Triple Threat: Spinal Dural Arteriovenous Fistula in Spinal Dysraphism and Tethered Cord Syndrome, a Case Report with Literature Review

Authors

  • Sarah Ileen Liew Neurosurgery Unit, Department of Surgery, Universiti Kebangsaan Malaysia (National University of Malaysia) Medical Centre https://orcid.org/0000-0001-9083-1251
  • Jegan Thanabalan Neurosurgery Unit, Department of Surgery, Universiti Kebangsaan Malaysia (National University of Malaysia) Medical Centre
  • Bee Hong Soon Neurosurgery Unit, Department of Surgery, Universiti Kebangsaan Malaysia (National University of Malaysia) Medical Centre
  • Rozman Zakaria Interventional Radiology Unit, Department of Radiology, Universiti Kebangsaan Malaysia (National University of Malaysia) Medical Centre

DOI:

https://doi.org/10.32896/cvns.v5n1.1-13

Keywords:

Dural arteriovenous fistula, tethered cord syndrome, spinal dysraphism, interventional radiology, angioembolization

Abstract

Introduction:  The incidence of spinal dural arteriovenous fistula (SDAVF) in patients with spinal dysraphism is exceedingly rare with fewer than 30 cases reported. We report such a case and discuss the etiology, diagnostic, and treatment challenges of such patients.

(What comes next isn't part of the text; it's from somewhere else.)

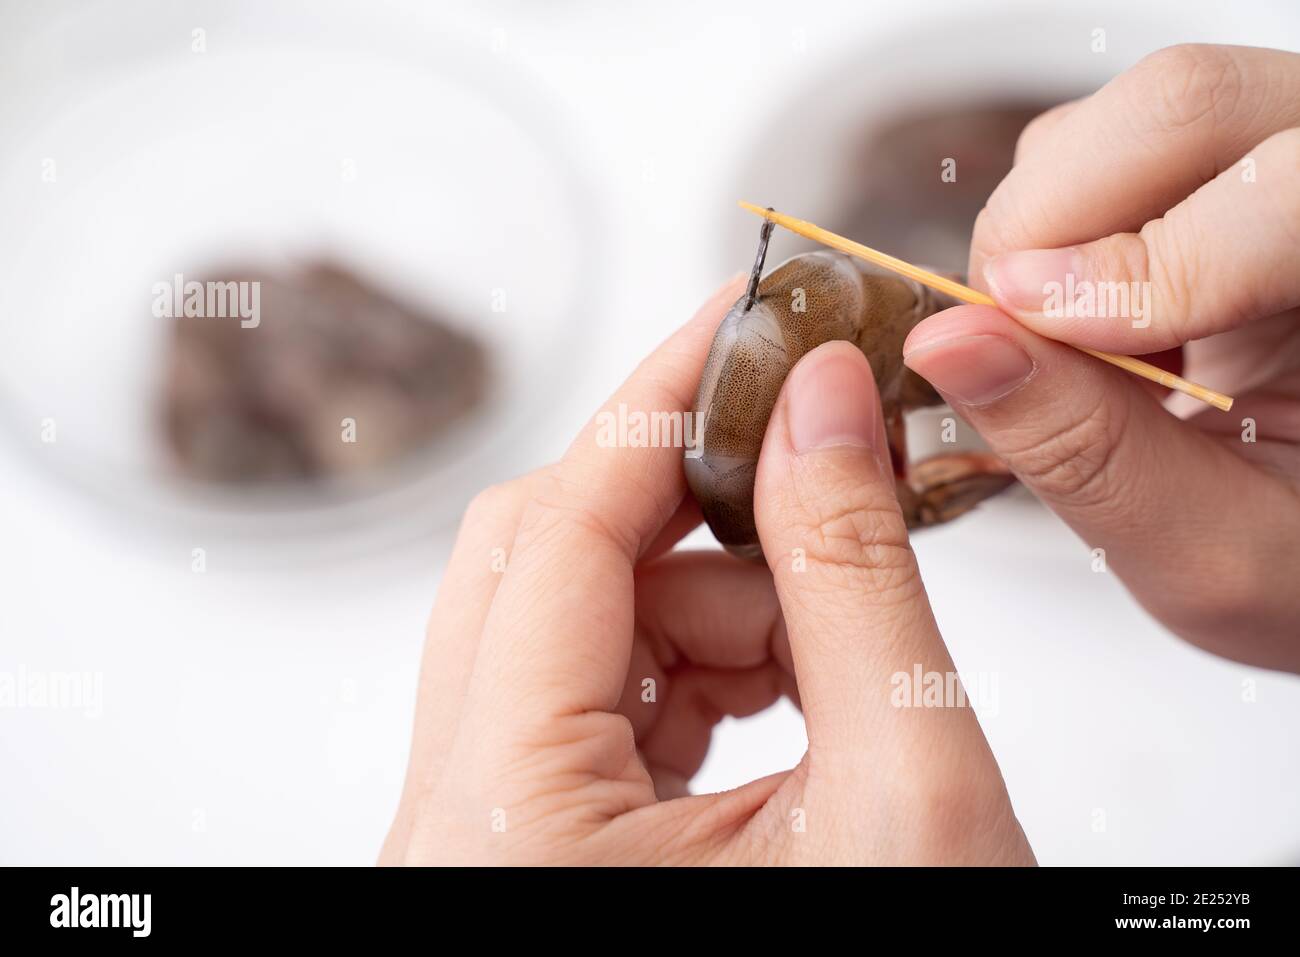 La femme dévore les crevettes et tire la ligne du tractus intestinal lors  de la cuisson des crevettes Photo Stock - Alamy

Case Presentation: This is a 37-year-old gentleman with a history of myelomeningocele (MMC) repair at the age of 2 years who presented to us with worsening bilateral lower limb weakness and numbness. Clinical examination demonstrated affected motor and sensory functions from the level of L2. An MRI Lumbosacral revealed S3/S4 dysraphism with a tethered low-lying conus. A CT angiogram of the spine followed by a spinal angiogram confirmed the diagnosis of a SDAVF with feeders from the median sacral artery and other branches of the left internal iliac artery. He underwent angioembolization, following which we noted a residual SDAVF and hence underwent a difficult second-stage angioembolization to the right lateral sacral artery branch. The patient remained status quo on follow-up.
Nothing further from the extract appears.